📖 Overview
The English Housewife is a 1615 household manual written by Gervase Markham that serves as a comprehensive guide for women managing upper-class English homes. The book covers cooking, medicine, brewing, distilling, fiber arts, and other domestic skills required of housewives in 17th century England.
The text provides recipes and instructions in great detail, including medicinal remedies, preservation techniques, and guidelines for managing servants and maintaining various aspects of a large household. Markham's work stands as one of the earliest published English cookbooks and medical guides written specifically for women readers.
Throughout its chapters, The English Housewife documents period-specific practices for everything from treating illnesses to preparing elaborate feasts, offering modern readers a window into daily domestic life in early modern England. The book remained in print through multiple editions spanning several decades.

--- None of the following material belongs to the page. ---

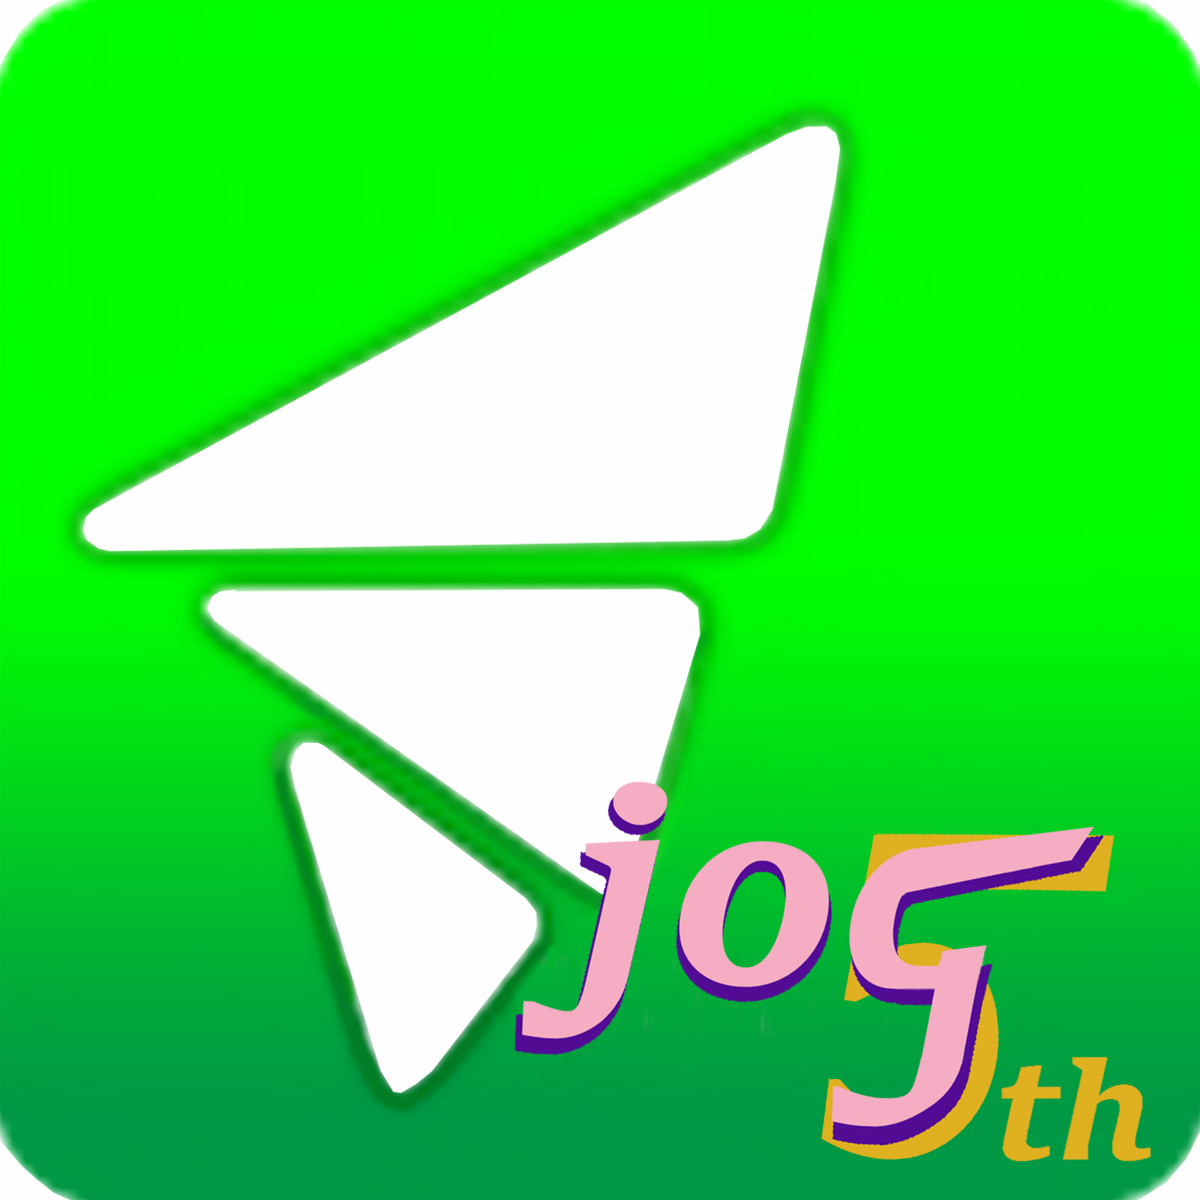 Annexe JOG 5th icon.jpg

The manual reveals the extensive knowledge and diverse skill set expected of upper-class women in Jacobean society, while highlighting the intersection of gender roles, social class, and domestic authority in 17th century England.
👀 Reviews
Reader reviews describe this 1615 cookbook and household manual as a valuable historical resource for understanding daily life and women's roles in 17th century England.
Readers appreciated:
- Detailed recipes with adaptable measurements and techniques
- Insights into period medical treatments and home remedies
- Information about household management and expectations for women
- Original spelling and language preserved from 1615 edition
Common criticisms:
- Dense, difficult-to-follow archaic language
- Lack of modern recipe conversions
- Some remedies and practices seen as dangerous by today's standards
- Limited illustrations and context
Ratings:
Goodreads: 4.1/5 (52 ratings)
Amazon: 4.5/5 (12 ratings)
One academic reviewer noted: "The recipes require significant interpretation but provide authentic glimpses into Tudor-era cooking." A home cook mentioned: "Successfully made the manchet bread recipe after several attempts at decoding the instructions."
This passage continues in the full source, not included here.